Q: How and when did you find Yoga and your personal practice?

Lu: I was 23, searching for the meaning of love. I had had boyfriends I truly loved with all my heart. Then something would happen, it wouldn’t work out, and suddenly there was no love anymore, so the whole notion of love was confusing for me. Around the same time, a friend of mine who lived next door had the book “Yoga for Americans” by Indra Devi. That book was the beginning of my yoga practice, my asana (postures/physical) practice. I did asana for an hour every day. I had always been athletic, but even in my early twenties, I had already begun to have low back pain and other physical issues. I realized I needed to give my body 60 minutes (of yoga) a day.

I was working with the elderly for OAS (Old Age Security) then. I had about 200 people on my caseload that I saw everyday, in homes or nursing homes.  I saw what happens to the human body, mind, soul, and heart from the age of 60 and above. I realized I needed to take care of myself if I was going to be (the age I am now) and remain healthy, vital, and youthful. In those days people didn’t exercise; there was no yoga. I realized then, early on, that I needed to take care of myself —  no one else was going to do that for me.

I soaked up (the knowledge of) teachers wherever I could, because there weren’t very many teachers at that time (in the early ‘70s).  That’s also when I discovered J. Krishnamurti and began to explore the meaning of love and consciousness. Krishnamurti was my Raja Yoga teacher. Physical postures were easy for me; easy to practice and easy to teach. It was the yoga philosophy that was very challenging, and that’s what my students tell me too. Thank goodness it’s there (the philosophy), because yoga is not only asana. We often hear asana used synonymously with yoga; we use the word “yoga,” when we really mean asana.

Yoga has been my profession, my life, and my heart since then.

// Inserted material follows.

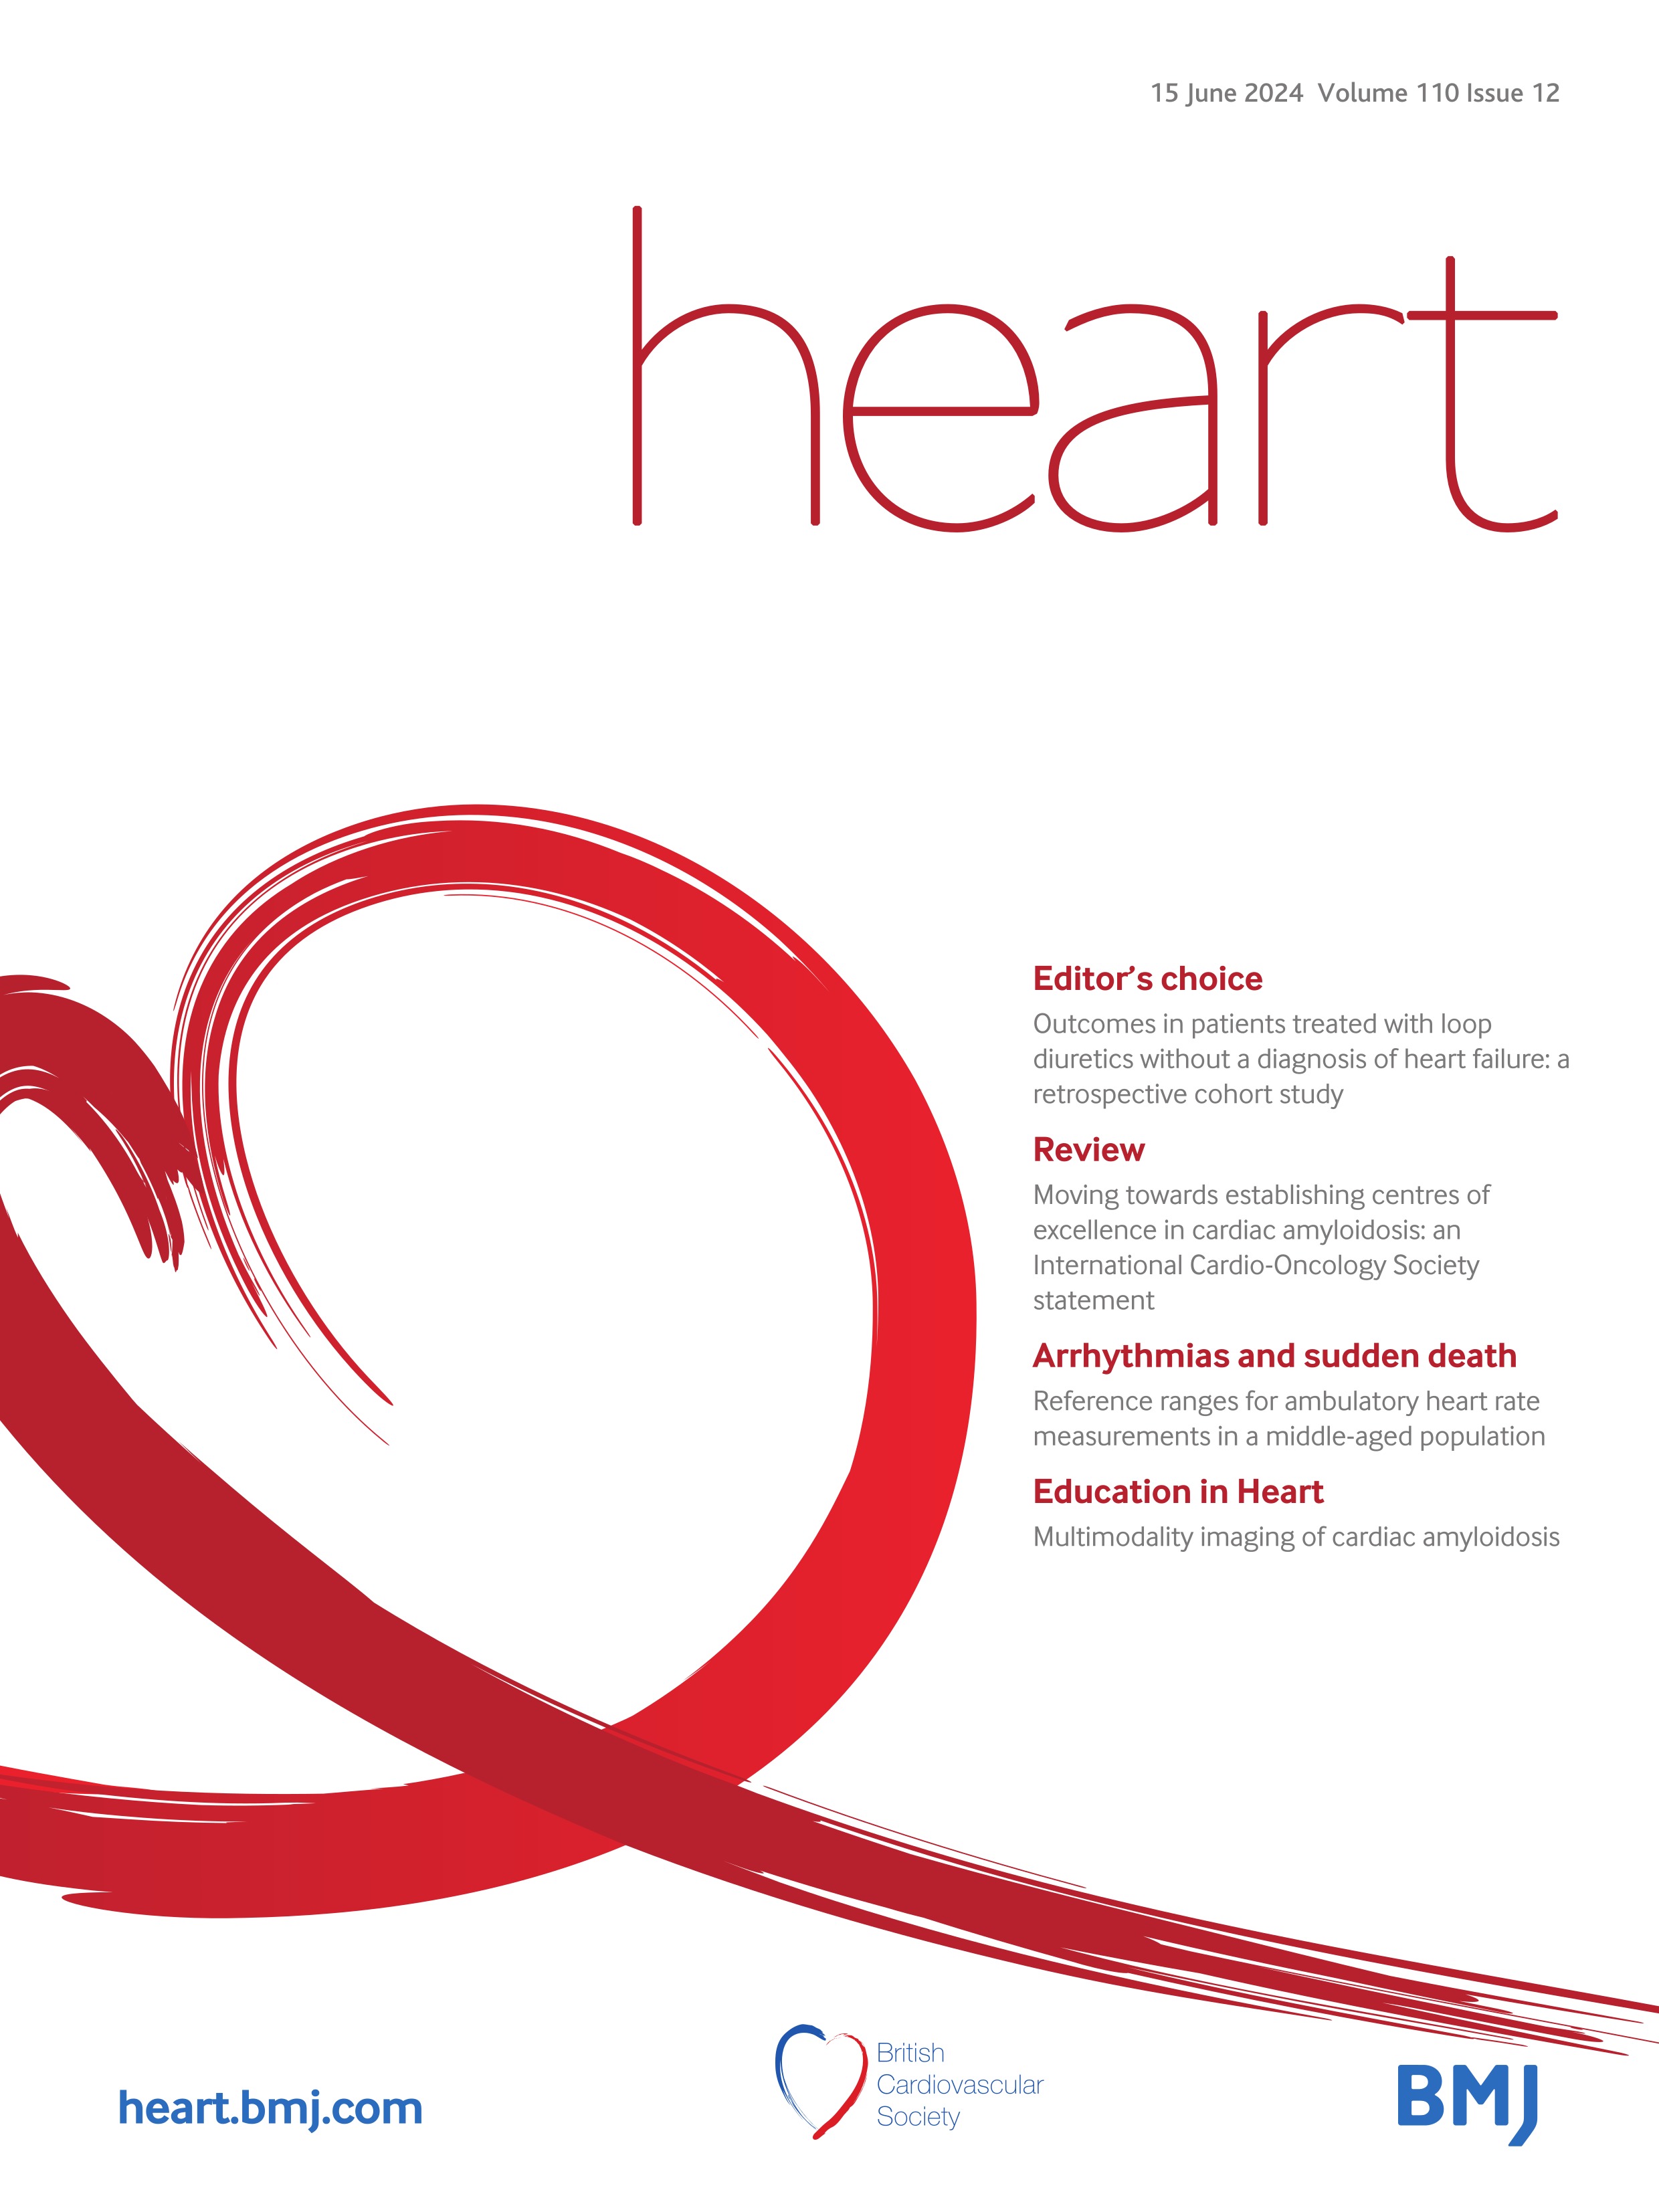 Multimodality imaging of cardiac amyloidosis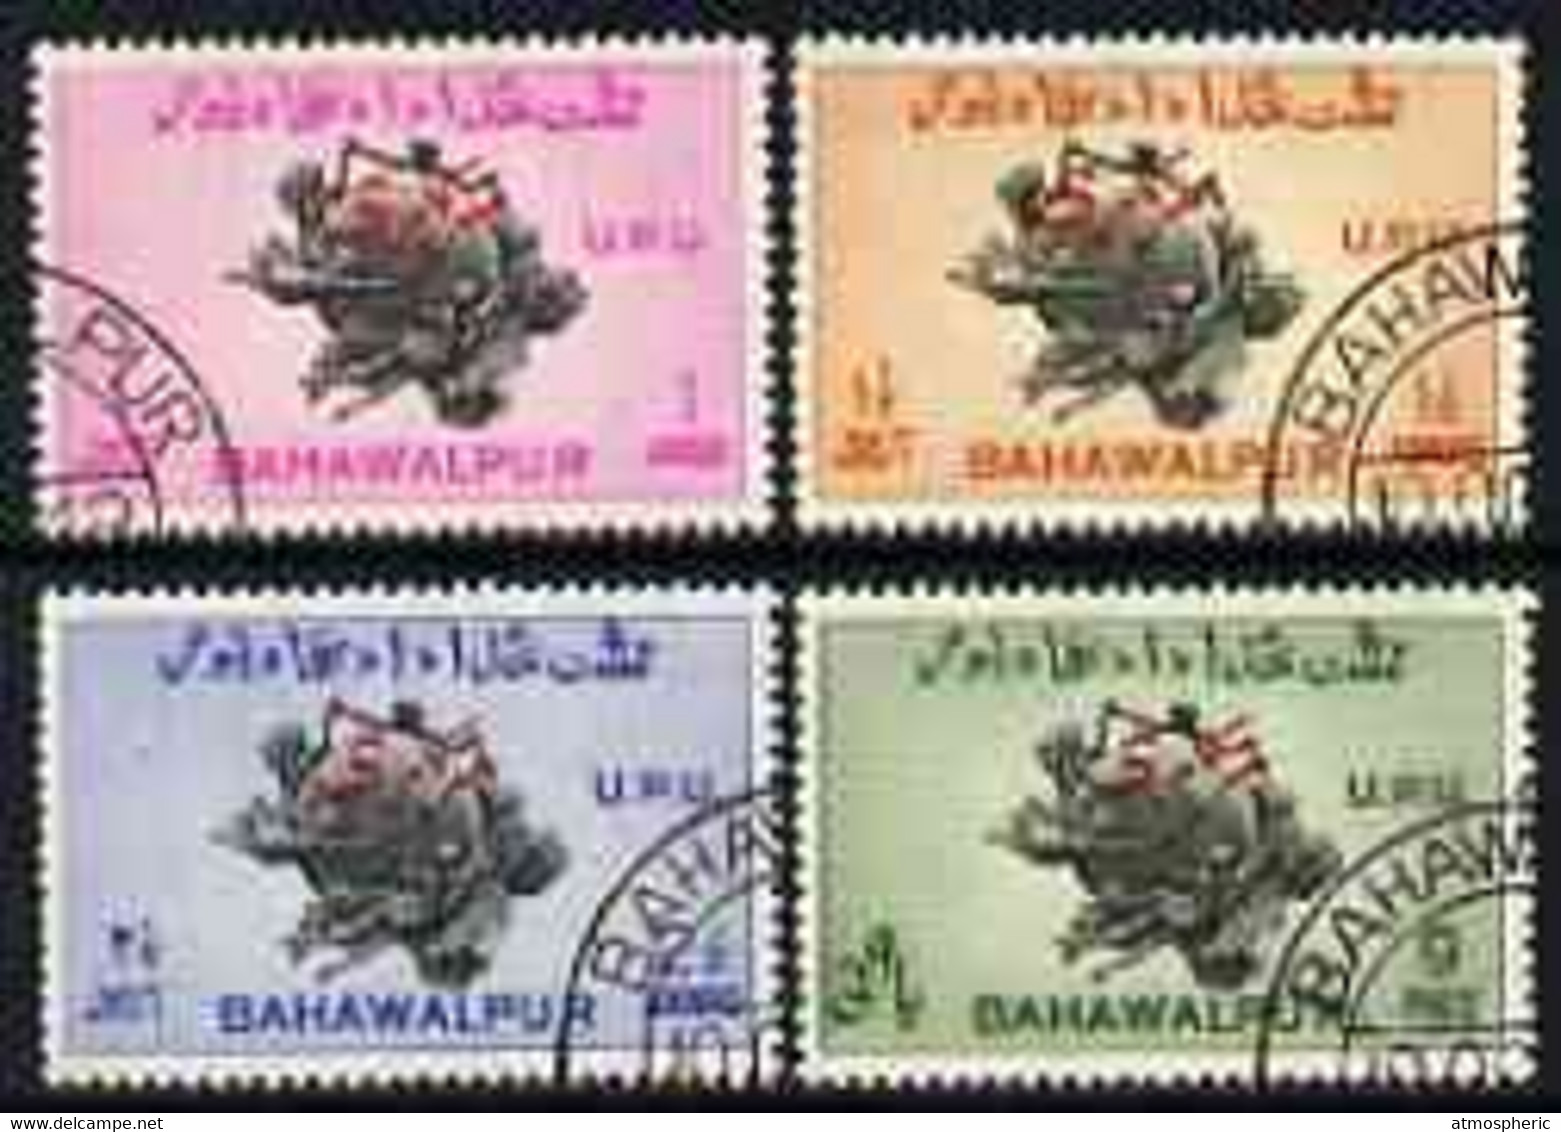 Bahawalpur 1949 KG6 75th Anniversary Of Universal Postal Union Set Of 4 With Red Arabic 'Official' Overprint Fine Cds Us - Bahawalpur

Q: When did you start teaching “inside” (the prisons)?

Lu: I started this work while immersed in Peace Studies at the University of Hawaii, for a class project, in 1992. I went in for a study and wrote a report. I was working with a social worker there. He was really wonderful; he attended my classes with me in the beginning. I started teaching in the “High” (special holding) area. Once I finished with the class, I was so passionate about the work, I just figured out a way to hang out.  In 1998, I received a stipend to teach with the Department of Public Safety, and that lasted until 2008. I then taught for six years or so, as a volunteer, before I finally asked for pay. Last year we received a legislative grant, which allowed me to hire three more teachers and start more classes. Unfortunately, we did not get the second grant, so it’s been challenging. That’s why it’s important to get the word out — especially to yogis — that we need help; in this case, funds to keep the program running. 

Q: What was your motivation to teach inside?

Lu: I lived in Alaska for three-and-a-half years, and, for the first time in my life, I understood what “cabin fever” was. The practice of yoga and asana really saved my life there. I had been thinking for a long time how wonderful asana practice could be for people who were incarcerated, because they’re so isolated. That was my motivation. I wanted to do it so bad, I was really fired up for it, and I found that I couldn’t just knock on the door (at the prison) and say “can I come in?”  At the time, nobody knew what yoga was, so I had trouble getting students, so we called it “stress management.”  I always had a full class.  People don’t realize that yoga was rare then; it is ubiquitous now. 

Q: How has teaching inside affected or changed you?

Lu: I think you go in there with empathy and compassion. If you didn’t have those things you wouldn’t be interested in doing it. In my career, I’ve taught all kinds of people, and this seems to be the most needed. You gotta get these guys to find the kindness within themselves and the compassion and forgiveness within themselves, because we have a real problem on this planet, we have a “male crisis of consciousness.” Being able to work with them and understand their humanity,  I’ve learned more about myself; that kind of depth of understanding is unique. The practice of yoga has always been about service to me.